Perhaps most of all, I found myself questioning some of the very assumptions of Epley’s exercise. For instance, like John Newton, people, churches and cultures can be on a spectrum of change regarding what they feel to be God’s standpoint on moral issues, especially those in which there is diversity of opinion. A culture may well influence what a person believes about God, but that’s not to say that a person, church or even entire people might fall out of agreement with a culture’s assumptions, as happened, for instance, in England with the slave trade, and then slavery itself , in the first part of the 19th century. It all depends where on the spectrum a person happens to be when you question them.

It seems to me that the US also provides a good example of change along a spectrum. In the churches, particularly in the evangelical community, there has for some time been an assumption that God’s will on moral issues prioritises personal morality, and issues such as abortion, family, homosexuality etc. It seems to me that this focus on ‘private morality’ is changing to a greater concern for social morality, for the well-being of the poor, and can especially be seen in the current debate in the US about health insurance.

What would Jesus say?’ does have some validity for people searching for God’s viewpoint on moral issues, if it leads them to study carefully, and in a contextualised way, what Jesus taught, and how that recontextualises for today. But it would need to be complemented by other factors, such as, the illumination of the Holy Spirit, and the generally held views of the people of faith.

The tool of the hermeneutical spiral for interpreting the bible seems to me to apply to the interpretation and application of moral issues also. The idea is that nobody comes to any biblical text or moral issue with a blank understanding. We all come with baggage of beliefs of many kinds, which may be a mixture of God’s viewpoint and culturally formed opinion. When a viewpoint is allowed to be subject to further evidence, illumination or in-put, it may change, and the understanding of the text or moral issue may also change. In this way, understanding spirals towards a better or improved understanding of the text, or of what God might be saying.

Does this mean that we never really understand what God is saying on moral issues? Not at all. We can come to a better position on moral issues, and with improved assurance or certainty. Sometimes the moral issue really speaks for itself, for instance when it became known how slaves were really treated in transportation or on the plantations.

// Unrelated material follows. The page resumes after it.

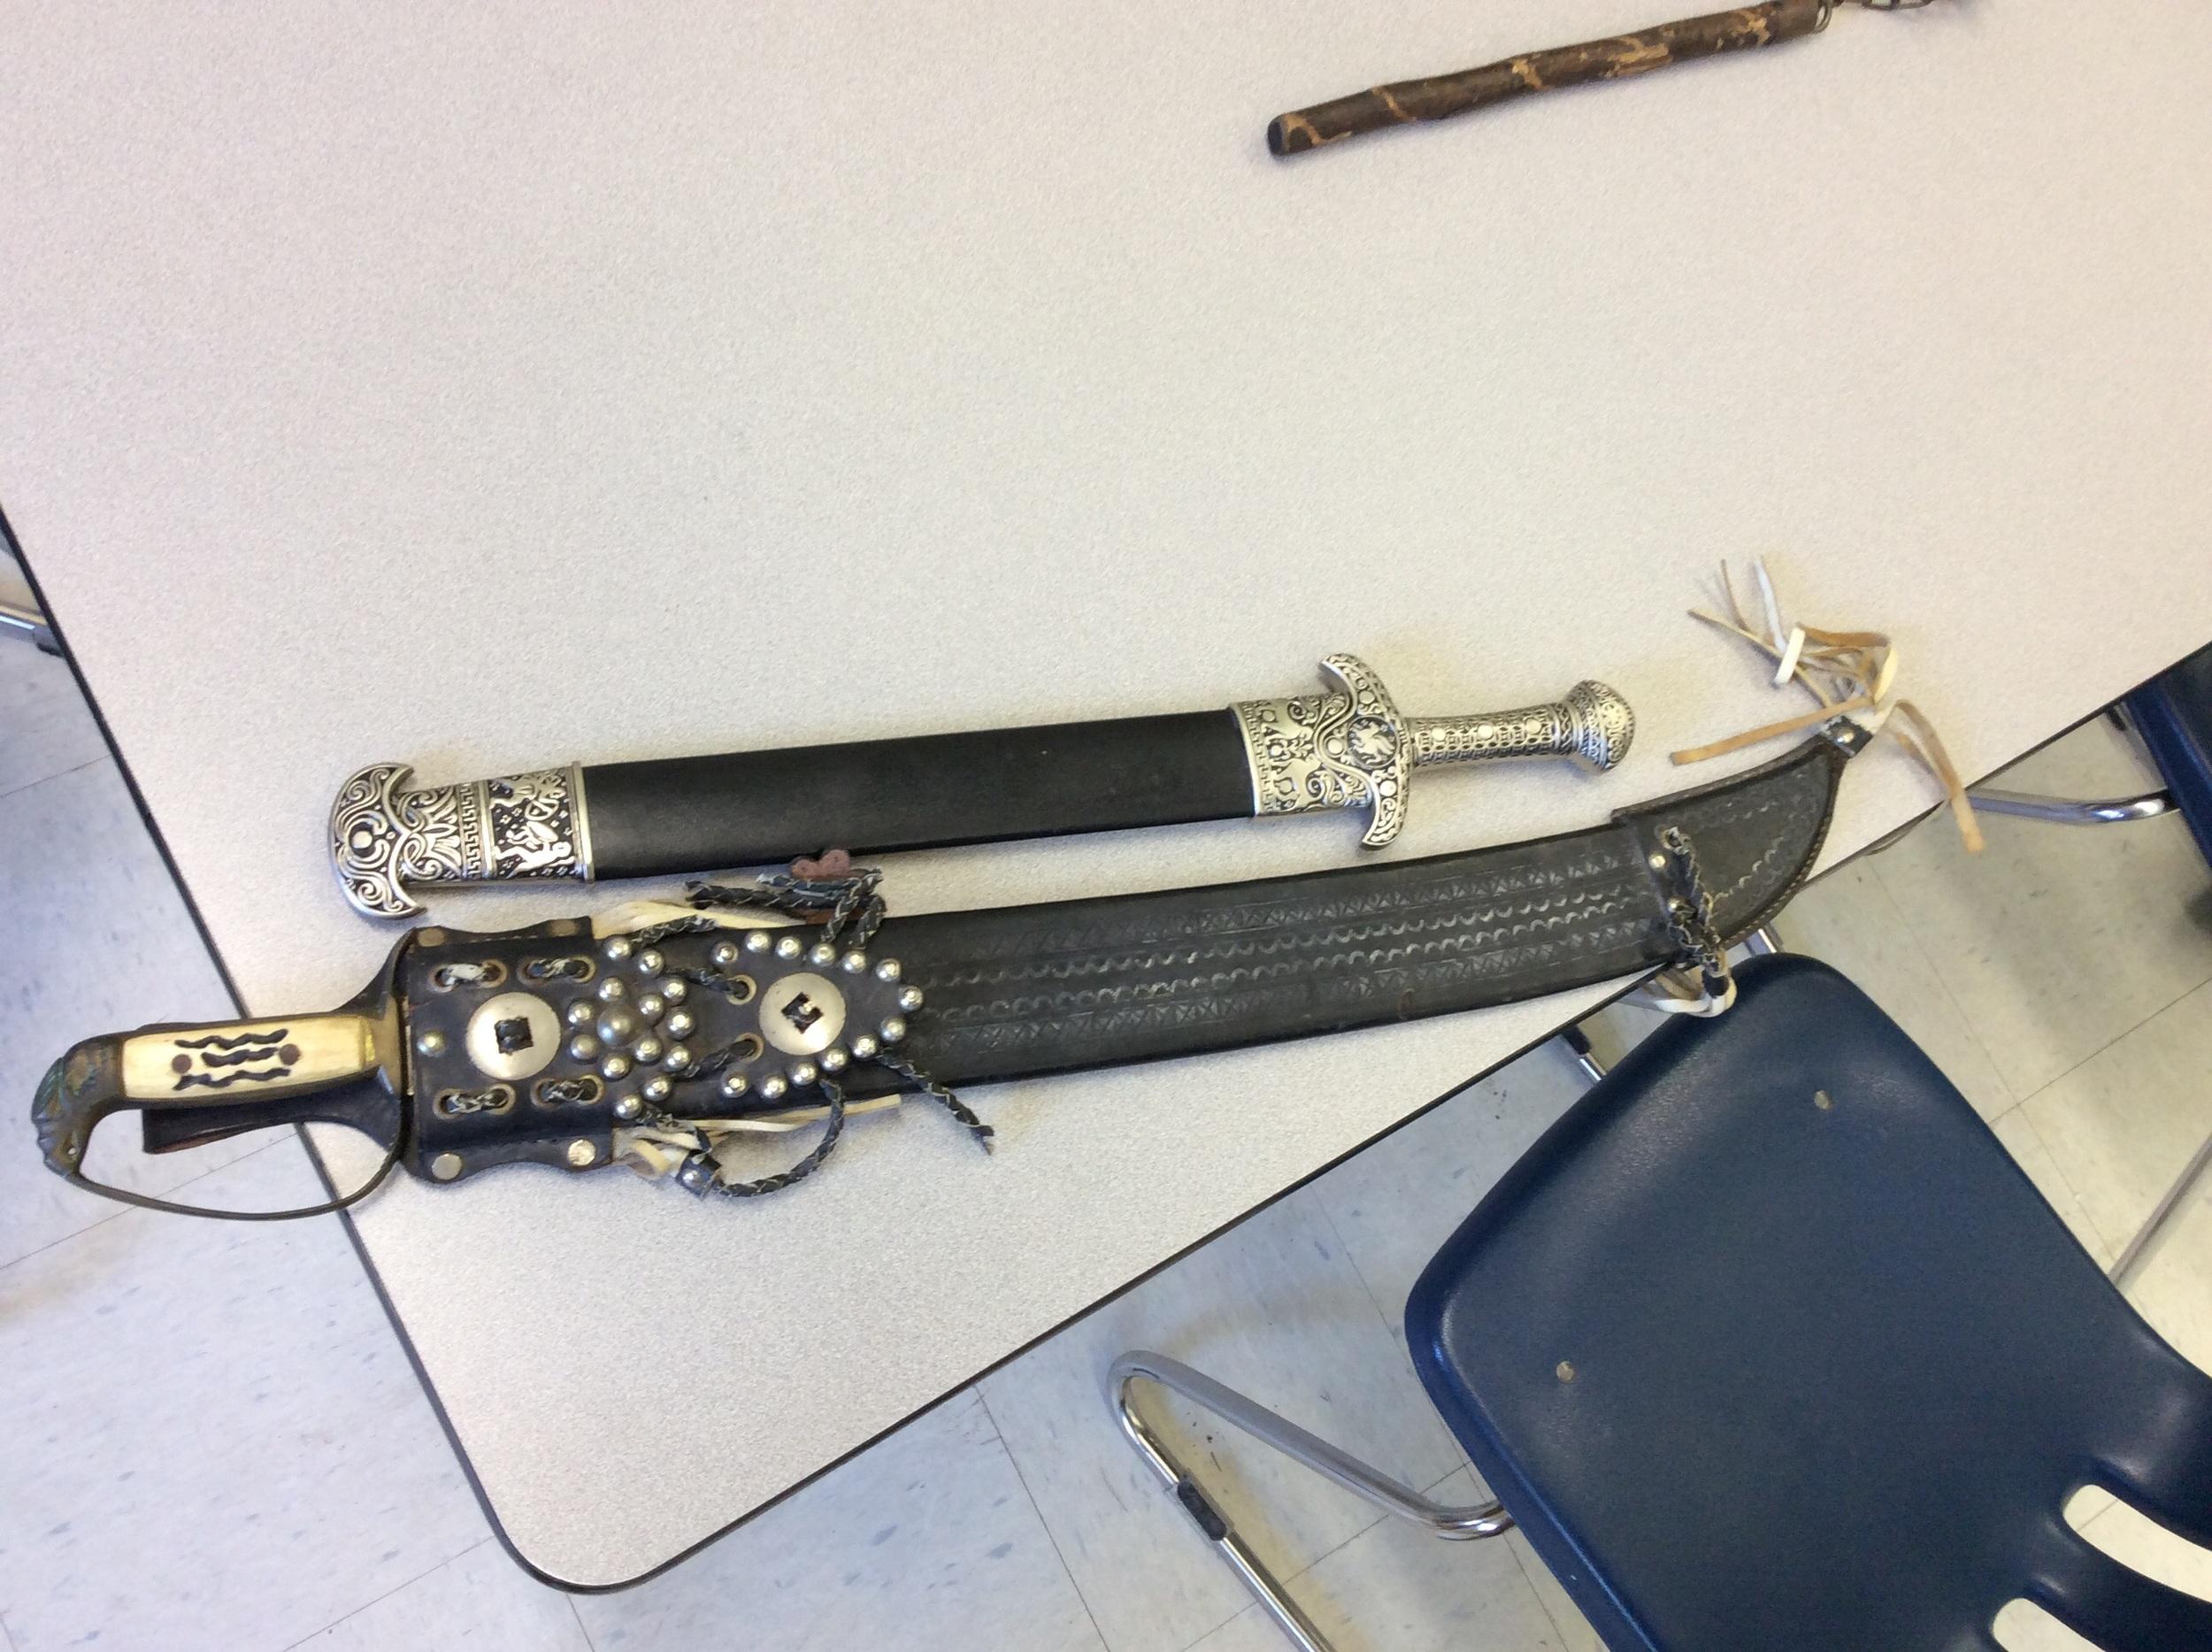 Swords in cases

Sometimes moral standpoints may need to be more nuanced in the light of further information or evidence - which could well be the case with abortion, homosexuality, birth control etc.

I’m just not sure Epley and Myers have really thought through all the issues, and I found some of the relish with which researchers greeted their findings rather ugly.

 

Re: One important reason that objective monotheism is a bad ...

Myers, in particular, strikes me as a fundamentalist of the scientific method.  That’s why I read his blog.  It is such a sharp contrast to the religious fundamentalism that I often see.

Thanks for your thoughtful comments.